Proposal: Python GPU-accelerated indexing with Collection API integration

## Motivation

Issues #100 and #147 request GPU-accelerated indexing. zvec already has standalone GPU backends (FAISS GPU, cuVS CAGRA/IVF-PQ, Apple MPS) but they're **not integrated with the Collection API** — users can't do `collection.query()` with GPU acceleration.

## Proposed approach

### 1. `UnifiedGpuIndex` ABC (`python/zvec/backends/unified.py`)

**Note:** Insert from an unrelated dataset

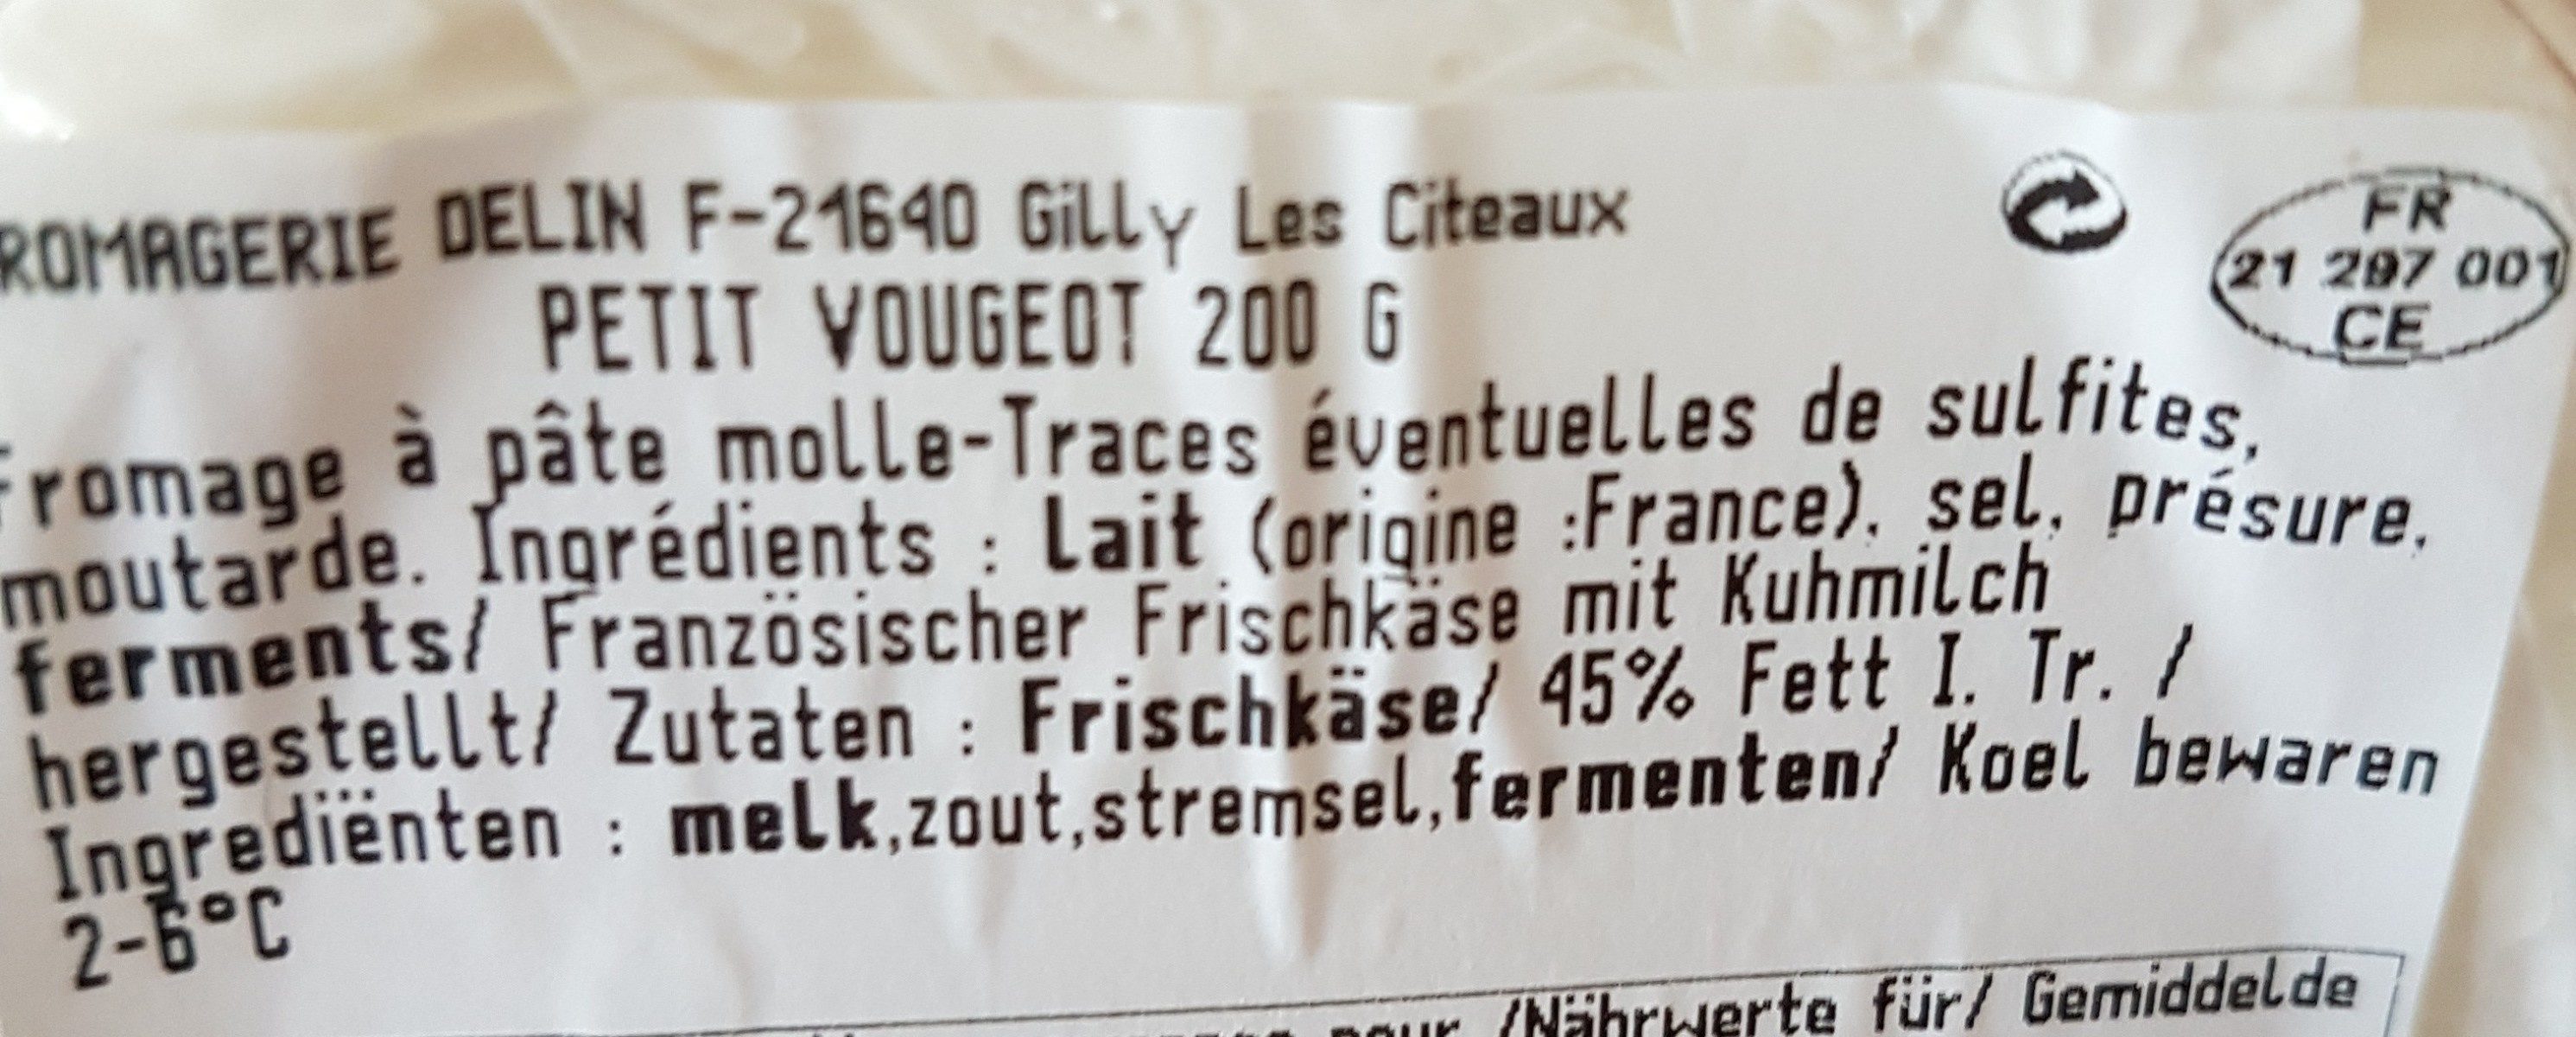 Fromage Le Petit Vougeot - Ingredients - fr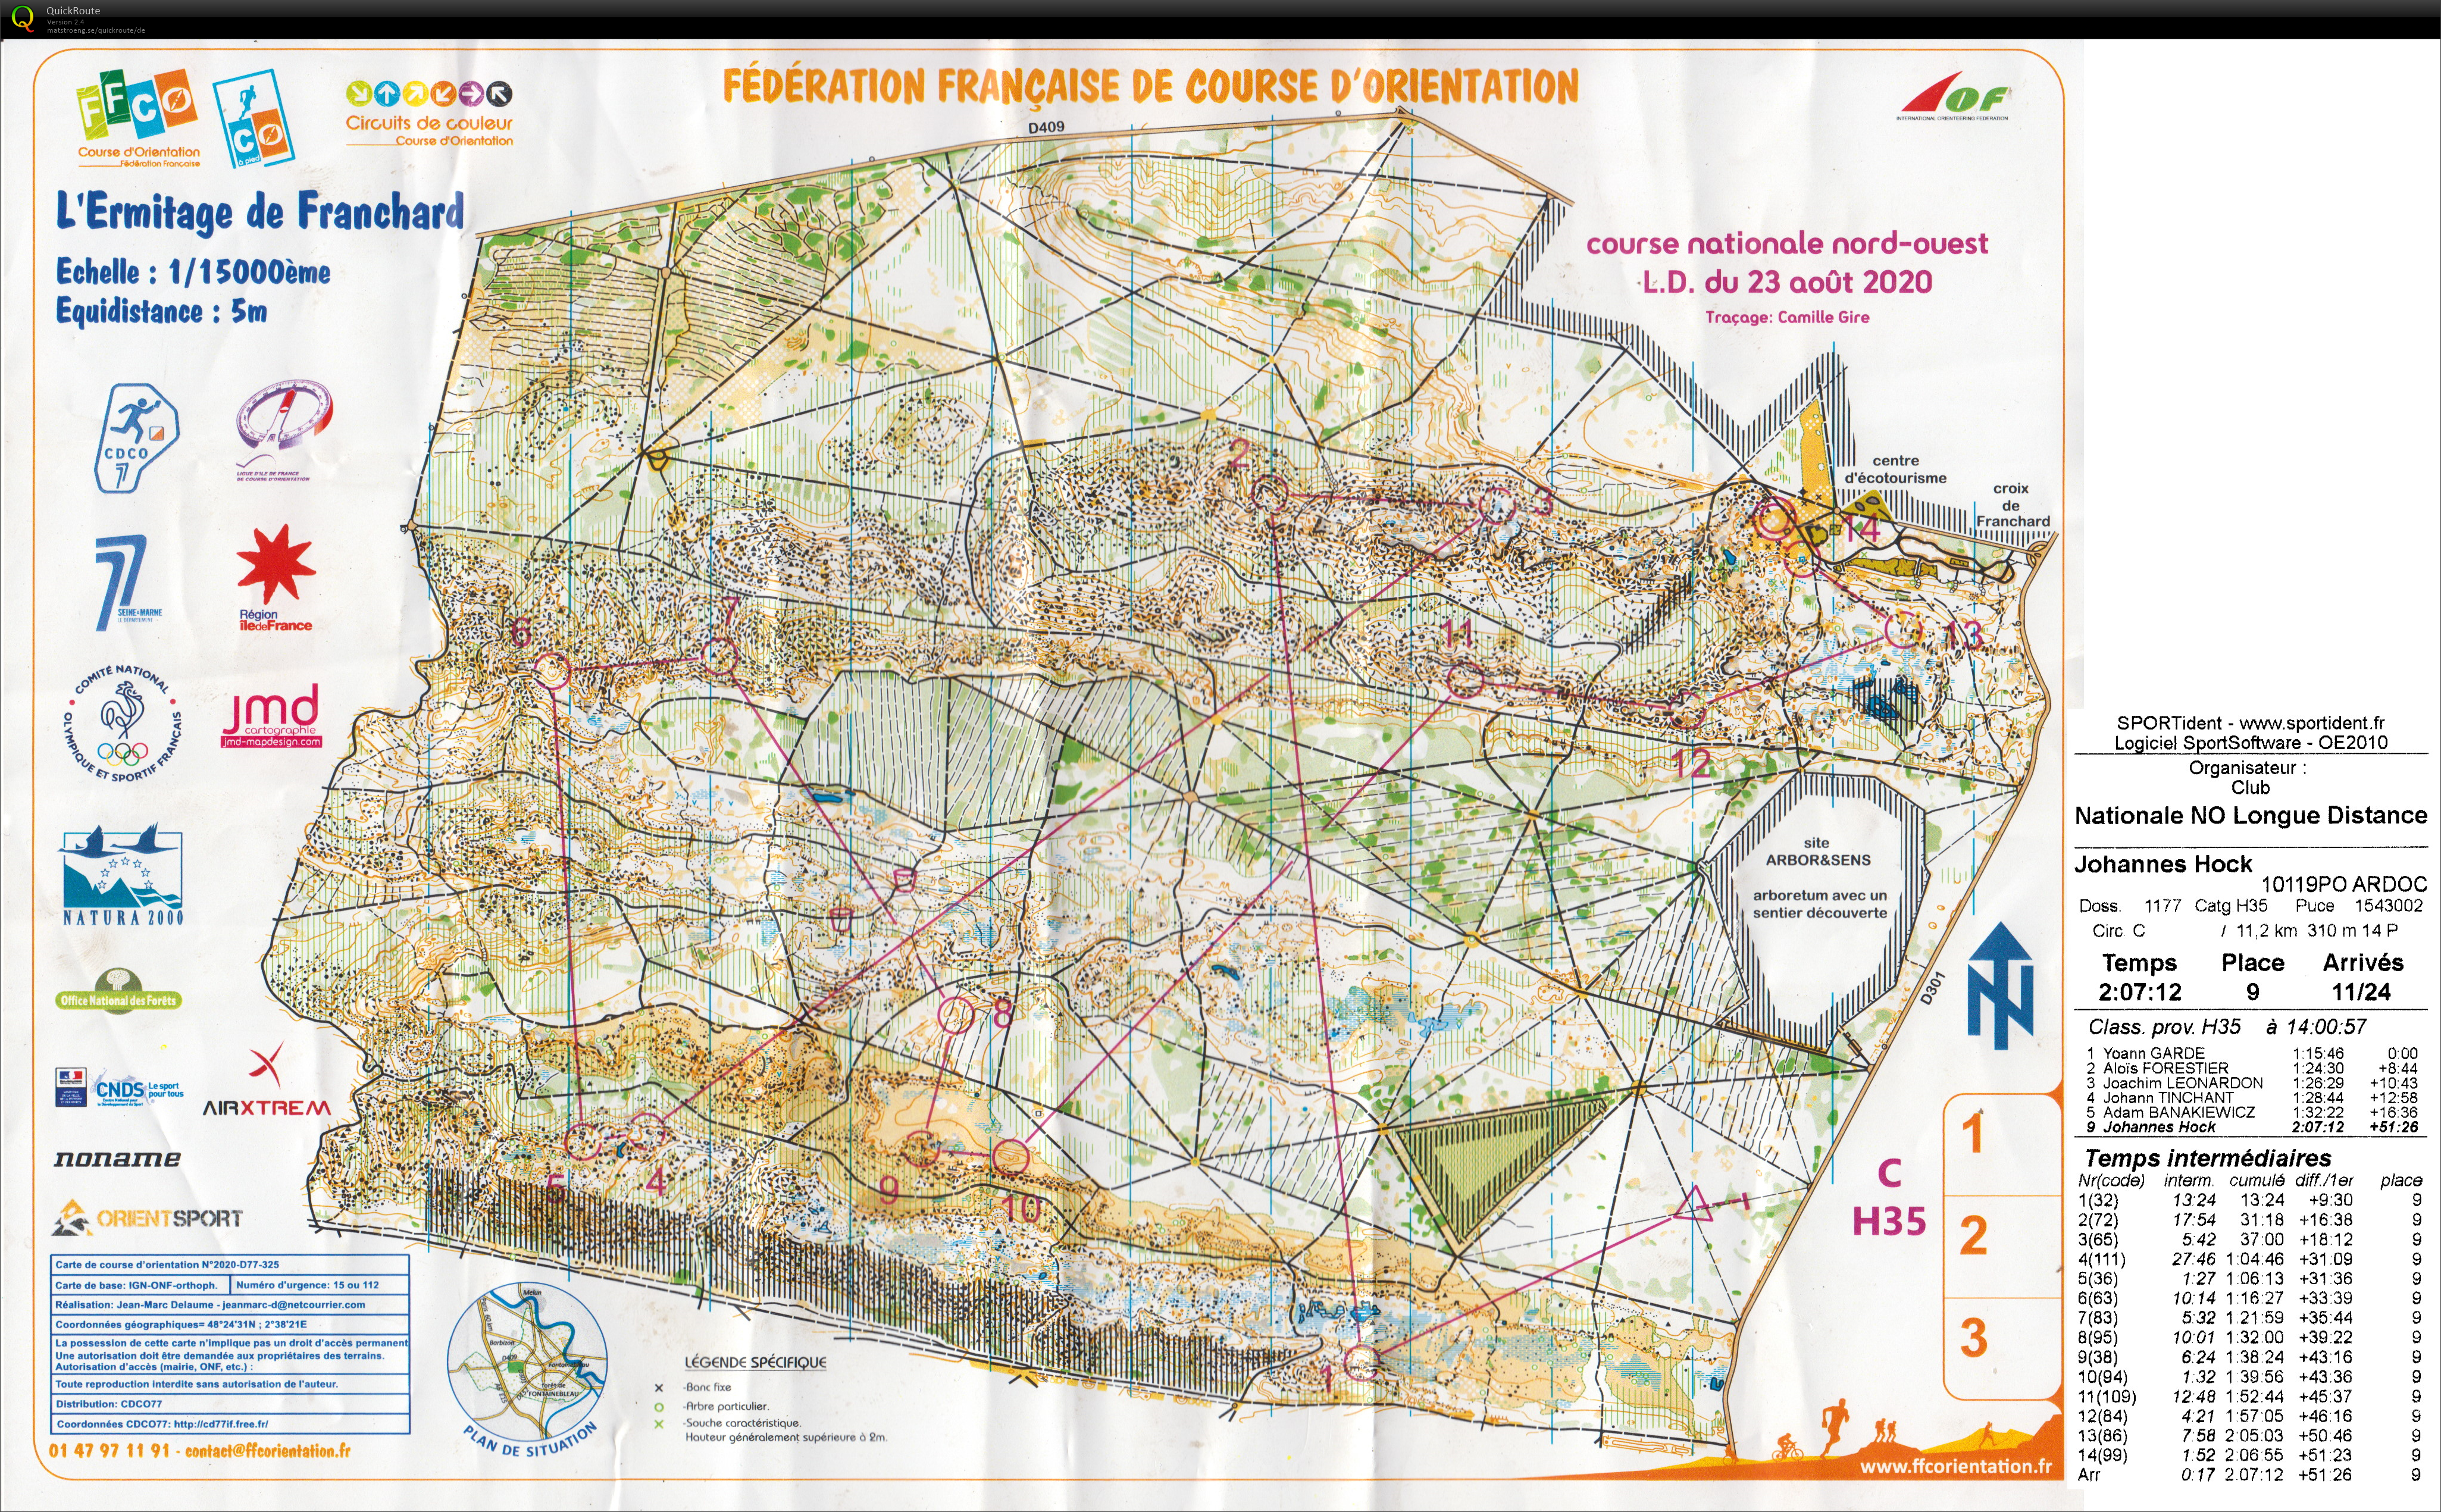 Course nationale L.D. Fontainebleau (23/08/2020)

Abstract base with `train()` + `add()` + `search()` + `size()` + `backend_name`, plus 6 adapters:

| Adapter | Wraps | Priority |
|---------|-------|----------|
| `CppCuvsAdapter` | Native `_zvec` pybind11 (zero-copy) | 1 (highest) |
| `CuvsCAGRAAdapter` | `cuvs.neighbors.cagra` | 2 |
| `CuvsIvfPqAdapter` | `cuvs.neighbors.ivf_pq` | 3 |
| `FaissGpuAdapter` | `backends/gpu.py::GPUIndex` | 4 |
| `AppleMpsAdapter` | `backends/apple_silicon.py` | 5 |
| `FaissCpuAdapter` | FAISS CPU fallback | 6 |

C++ native path is preferred (avoids Python→GPU data copies).

### 2. `GpuIndex` bridge (`python/zvec/gpu_index.py`)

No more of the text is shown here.